Low-fat vs. Low-carb diets: both help cut calories
I subscribe to a newsletter, Obesity and Energetics Offerings, that lists loads of new articles on these topics every week.
One of its offerings is a section titled “Headline vs Study.”
Last week’s was about the paper in JAMA comparing two diets, one featuring healthy carbohydrates and the other healthy fats. Participants in both groups lost equivalent amounts of weight.
- Headline: The Key to Weight Loss is Diet Quality, Not Quantity, a New Study Finds.
- Study: “There was no significant difference in weight change between a healthy low-fat diet vs a healthy low-carbohydrate diet, and neither genotype pattern nor baseline insulin secretion was associated with the dietary effects on weight loss.”
- News Critique: Low Carb, Low Fat, Null Result, Blank Check.
Two other news critiques worth reading:
Overall, this was a well designed study involving about 300 participants in each diet group. On average, participants lost about the same amount of weight regardless of diet composition, but the investigators observed wide variation. Some participants lost a lot of weight—up to 60 pounds—but some gained as much as 20 pounds (data in this figure from the paper are in kilograms).

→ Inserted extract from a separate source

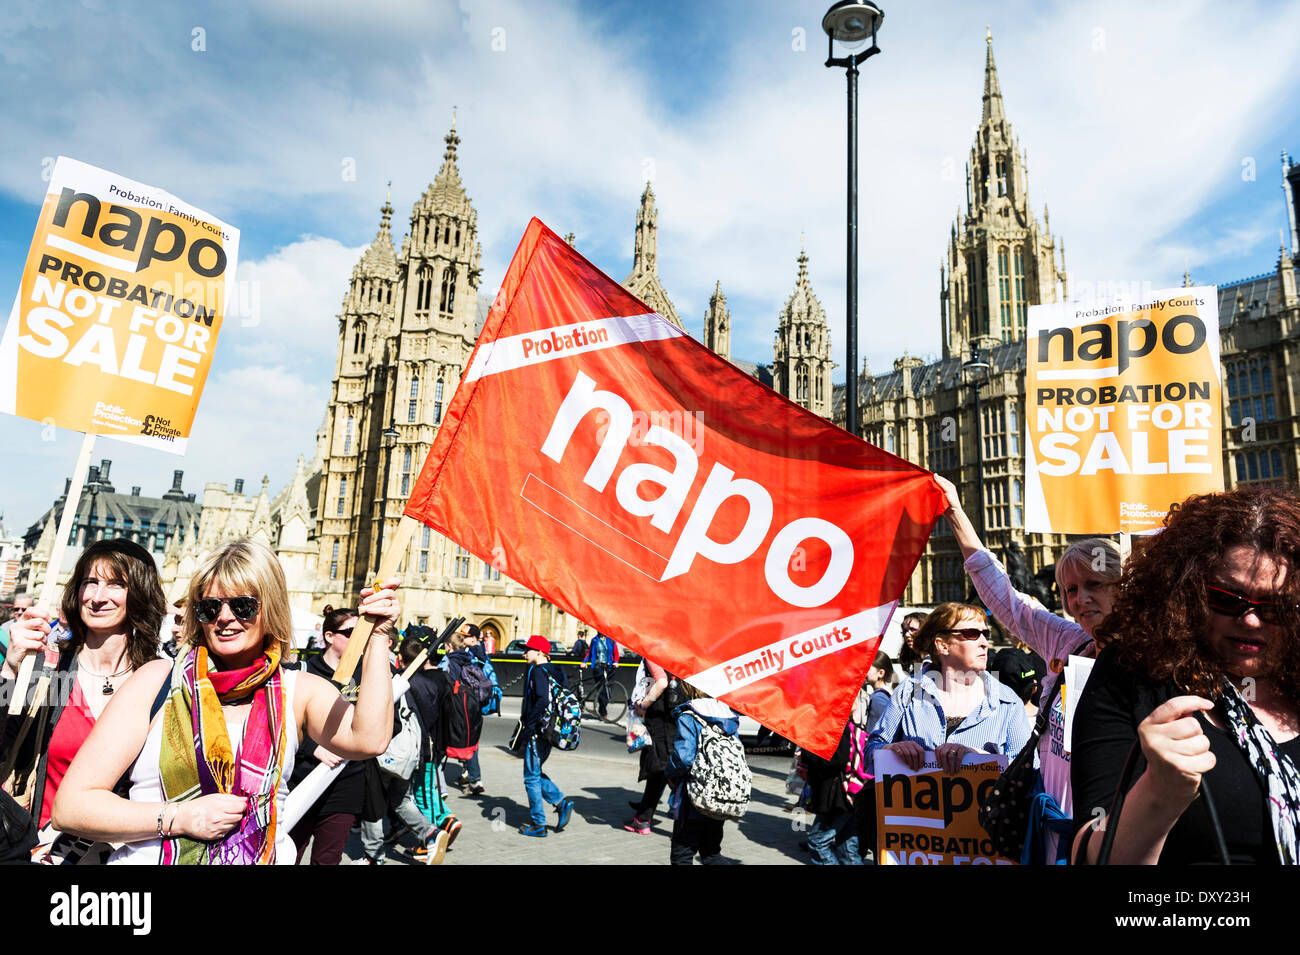 London, UK. 1st April 2014.  A NAPO banner is held aloft outside the Houses of Parliament as part of the joint demonstration by probation officers and legal aid solicitors. Photographer: Gordon Scammell/Alamy Live News Stock Photo

What accounted for the difference? Calories, of course. If participants didn’t cut calories, they didn’t lose weight. The investigators estimated that weight-losing participants were eating a lot fewer calories than they used to, even though they were not instructed to pay attention to calories.
But, as Weighty Matters discusses (based on Daniel Schultz’s tweets noted above), some participants did count calories (they used an online fitness tool).
The bottom line? It’s easier to cut calories and lose weight if you eat a healthy diet, no matter what the proportion of fat v. carbohydrate.
As NIH scientist Kevin Hall tweeted, these findings are consistent with previous studies:
And as Mal Nesheim and I argued in our book “Why Calories Count: From Science to Politics,” calories matter but counting them is not always helpful when dieting. It’s too inaccurate, and regular weighing works better as a monitoring tool. So, according to this study, is eating healthfully.